Дед ожидал увидеть в этой квартире человек десять – пятнадцать, живущих и работающих в жуткой тесноте; думал, что здесь крутят папиросы, шьют штаны или изготавливают искусственные цветы для шляпок дам из северных кварталов. Но он мог бы догадаться: из квартиры не доносилось ни тарахтения швейных машинок, ни запаха табака.
– Я могу себе это позволить, – сказала хозяйка квартиры, как будто прочитав мысли мальчишки. – С меня хватило жизни в загаженном подвале. Имя у тебя есть, мальчик?
– Зовите просто мальчиком.
– Откуда ты?
Женщина снова ужасно закашлялась.
– С Луны, – дерзко ответил он.
– Ладно, с Луны так с Луны. Буду с тобой откровенна. Врачи дают мне месяца два, самое большее – полгода. Единственное, что мне еще помогает, говорят они, это свежий холодный воздух. Вот я и сижу там наверху круглыми сутками, в любую погоду. На крышу я пока могу подняться, но не спуститься на улицу с пятого этажа. И мои девочки тоже не могут. У меня тут хорошо налажен бизнес, но нам нужен помощник.

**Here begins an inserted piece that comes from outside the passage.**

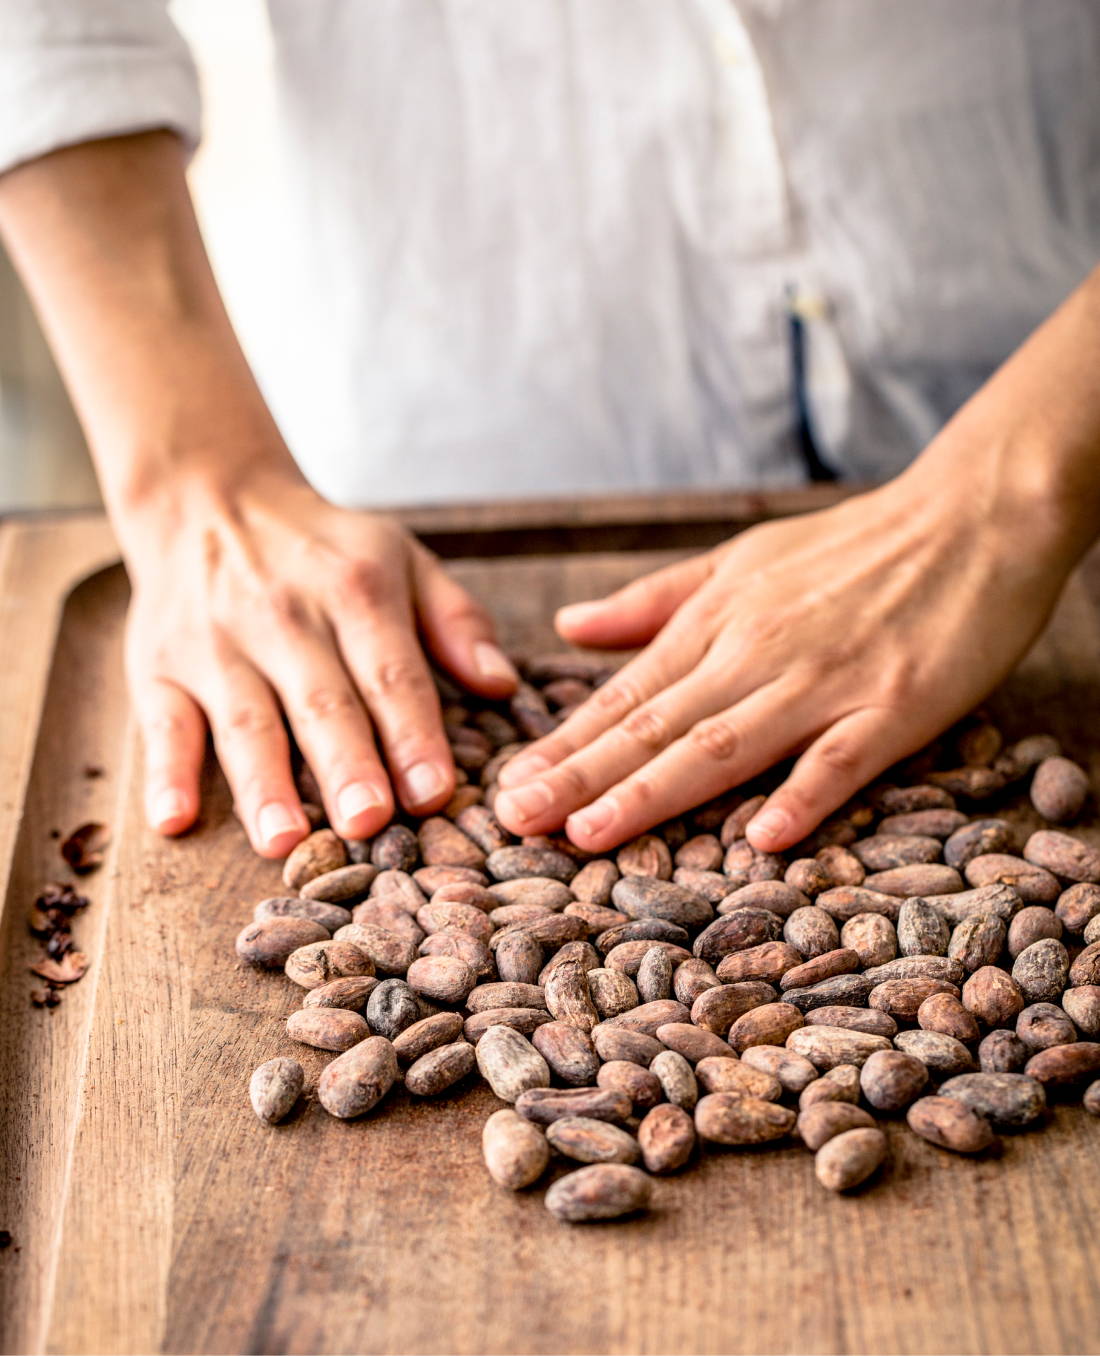 Hands on cococa beans

– Где же ваши девочки? – спросил дед и озадаченно огляделся.
– Они не здесь, а в соседней квартире. В общем, никто из нас не может спуститься – лестница слишком крутая и скользкая. А нам ведь нужны продукты, одежда, всякие мелочи. Мои девочки много едят, метут все подряд. Еще нам нужно стирать белье, мы же все-таки женщины. А колонка во дворе. Нам нужен керосин для ламп, иногда газета. Надо выносить мусор, приносить дрова и уголь. Короче говоря, нам нужен шустрый парень вроде тебя. Ты здоров?

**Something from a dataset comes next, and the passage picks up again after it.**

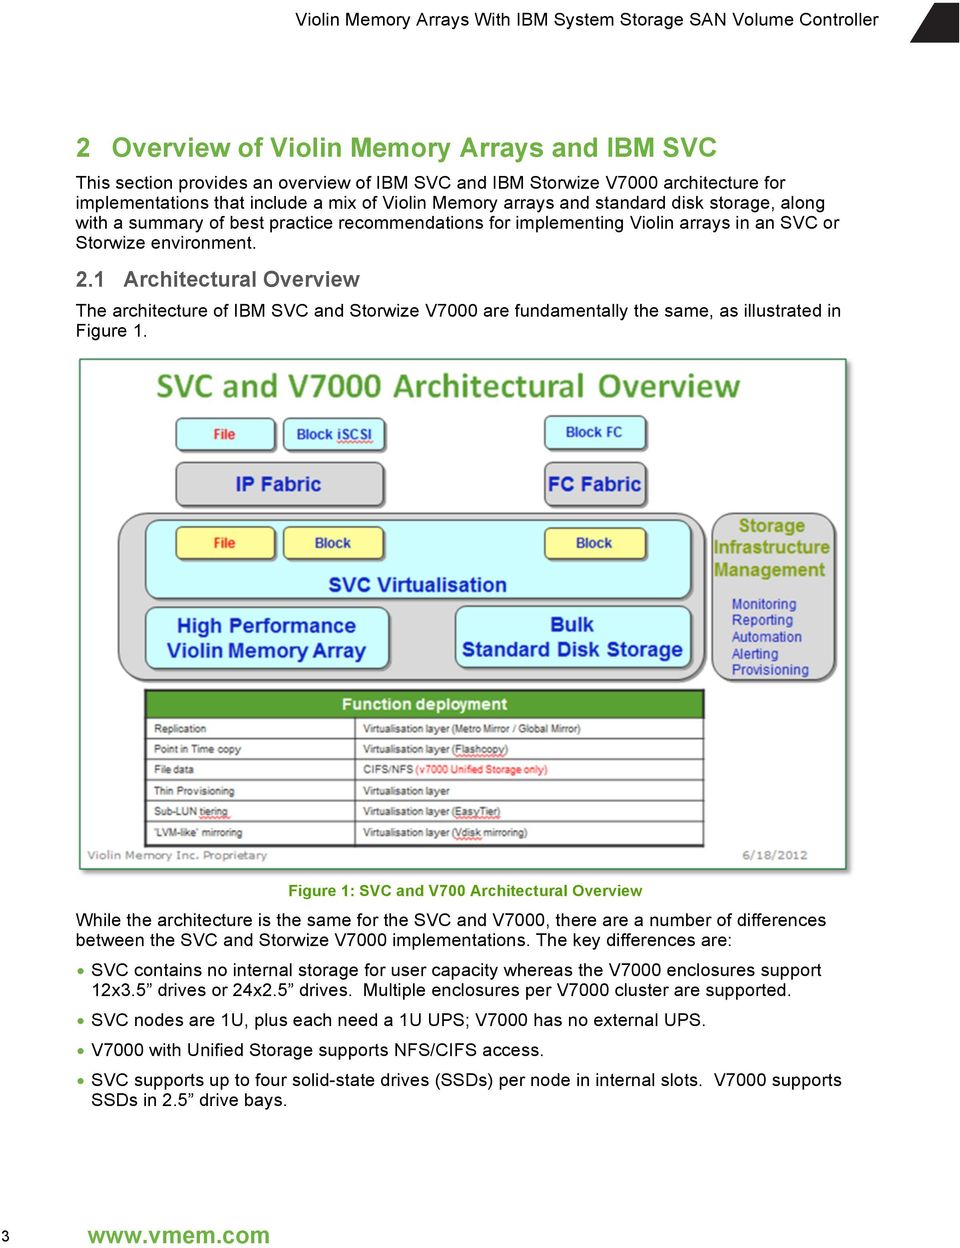 1 Architectural Overview The architecture of IBM SVC and Storwize V7000 are fundamentally the same, as illustrated in Figure 1.

– Я часто голоден, но здоров, – испуганно сказал дед.
Он все еще не понимал, что за бизнес она имеет в виду.
– У меня в доме ни крошки. Вот тебе полдоллара. Купишь на них свиных ног, картошки, квашеной капусты, макарон и джина на девять человек.
– Сколько же у вас девочек?
– Когда пять, когда десять. Иногда и больше. Сейчас только ирландки и итальянки. Они не привередливы. С еврейками сложнее, они едят только кошерную пищу.
– И все они болеют тем же, чем и вы?
Хозяйка вытаращила глаза и рассмеялась:
– Нет, они болеют не тем же, они болеют другим. Их болезнь проходит через девять месяцев. Пойдем, я тебя познакомлю с ними. Но мне нельзя к ним через порог, чтобы не заразить. Кстати, ты можешь называть меня «мэм».
Восемь молодых беременных женщин умолкли, когда мэм отошла в сторону и подтолкнула мальчика в их квартиру. Восемь круглых и угловатых животов словно уставились на него. Ему казалось, что эти животы заполнят всю комнату и раздавят его, если он сделает еще шаг вперед. Он испугался.
Беременных он повидал сколько угодно – итальянок, евреек, ирландок, черных. В гетто их было полно, многие беременели уже в четырнадцать-пятнадцать лет. Но восемь беременных сразу – об этом зрелище надо было обязательно рассказать мальчишкам в угольном подвале.
Три или четыре беременных стояли в нижнем белье и, дрожа от холода, мылись над жестяным корытом. Он увидел не только щиколотки, но и икры, голые руки, шеи, почти всё. Он видел их кожу и бедра так ясно, что у него закружилась голова. Сквозь приоткрытый халат он заметил сжатые худые ляжки той, что сидела в кресле-качалке, а у той, что завернулась в одеяло, когда он вошел, – были толстые. Он глазел на безупречные плечи, на которые ниспадали рыжие, светлые и темные волосы. Он увидел даже подмышки с кустиками кудрявых волос.
Лишь увидев все это, но еще не осознав, он посмотрел на их лица. Заметив его удивление и смущение, девушки расхохотались и никак не могли остановиться. Все без исключения были молоды, едва ли старше двадцати. «А он хорошенький, мэм. Жаль, что еще слишком юный», – сказала одна.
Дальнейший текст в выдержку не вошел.